Formative Years osmosis

Born in Hong Kong in 1956, Andy attended primary and secondary school in the then British colony. His Shanghaiborn parents had migrated to Hong Kong in search of a decent living. Not able to afford the bus fare, his father once walked from Kowloon to New Territories, a distance of about 35 kilometres. As a child, Andy lived in a ‘resettlement area’ that was primarily built for refugees. When his parents finally earned enough to buy a black-and-white television, the eight-year-old Andy helped his family to start a ‘home business’, charging his neighbours an admission fee of HK$0.20 (at that time, roughly equivalent to S$0.05) if they wanted to watch the Hor family’s television. He also sold homemade agar-agar for another HK$0.10. Andy was never taught the concept of entrepreneurship. Instead, his entrepreneurial qualities grew out of a need to survive.

Reflection 1: What is the best way to teach entrepreneurship (if this is even possible)? What does it mean for an academic to be ‘entrepreneurial’? Is it always a good thing for academics to be entrepreneurial?

The young Andy was confident that his life would get better, only if he studied hard. He knew the value of education. It is therefore not surprising to learn that, in 1967, he continued to take the 10km bus journey to school on his own every school day, braving the riots in that year that were accompanied by exploding bombs and other dangers that civilians risked on a daily basis. While at school, he found Chinese and mathematics lessons to be relatively easy. English and history lessons were fun but tough. In addition, Andy’s mother sent him to an evening school to learn phonics, which was not part of the standard curriculum offered in his day school. This was a decision that she has been very proud of over the years. Hong Kong’s approach to education at the time, as Andy recalls, focused on drilling students to memorize hard facts. Naturally, he was not aware that there could be other ways of teaching and learning. Today, he realizes that such an approach is unsatisfactory and teachers who continue to teach in this way are really doing a disservice to education.
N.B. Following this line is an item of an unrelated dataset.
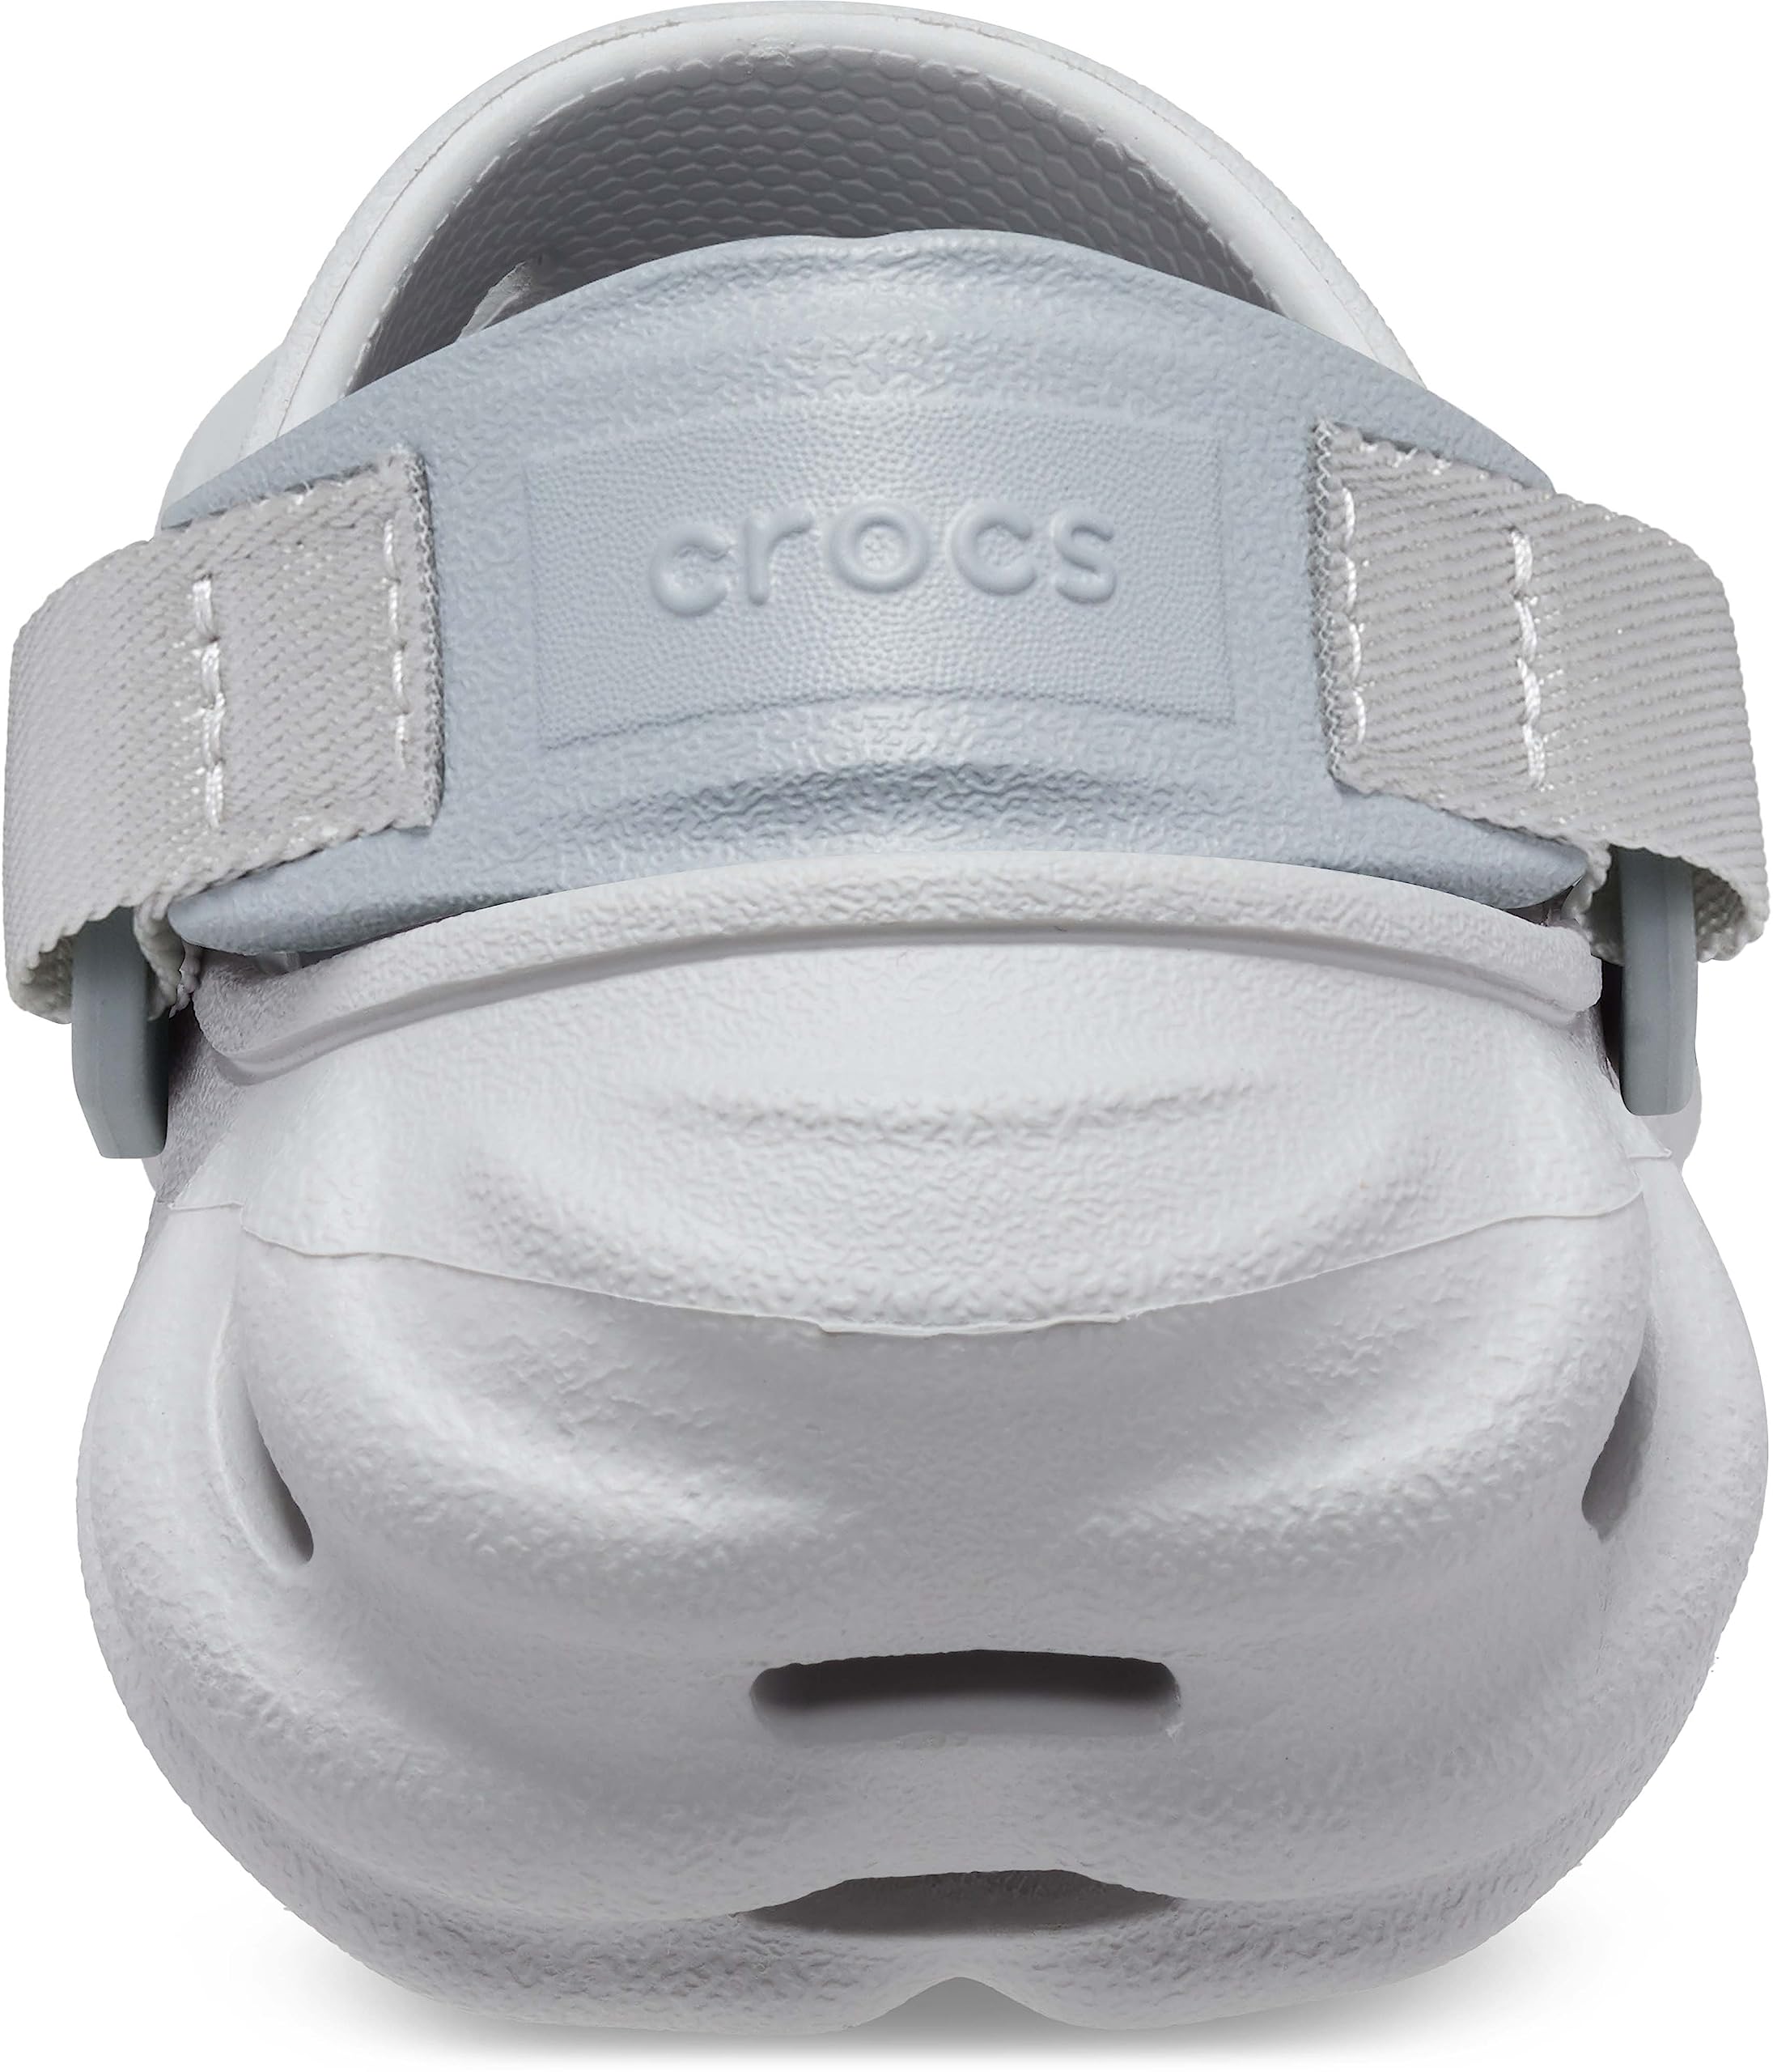 Crocs Unisex-Child Kids' Echo Clog

Reflection 2: How has your early experience of classroom learning influenced the way you conduct your own classroom teaching today? Is there anything positive to be said about ‘drilling’ and ‘memorization’ in university education?

Andy’s eldest brother spent more time in the public playground than in school. Immediately after he completed primary school, his parents started him on an apprenticeship in air-conditioning maintenance. Andy’s elder sister finished pre-university and could not wait to enter the workforce. Andy was therefore the first in his family to attend university. He was also the only member of the entire Hor clan to earn a doctoral degree. Andy’s enthusiasm for education inspired his younger brother Tommy. While Andy was pursuing his undergraduate studies at Imperial College, he persuaded Tommy to join him in London, which he did by gaining admission to Queen Elizabeth College. Supporting their studies in the United Kingdom was obviously difficult for a family struggling to make ends meet. But the family’s efforts were driven by a strong belief in the value of education. Upon graduation, Tommy returned to Hong Kong and obtained a M.Sc. degree from Hong Kong University. He joined City University of Hong Kong’s computer centre and rose rapidly to become its Director. When Andy settled in Singapore, he convinced Tommy to give up his lucrative job and come work in Singapore. Today, Tommy is the Director of the NUS Computer Centre.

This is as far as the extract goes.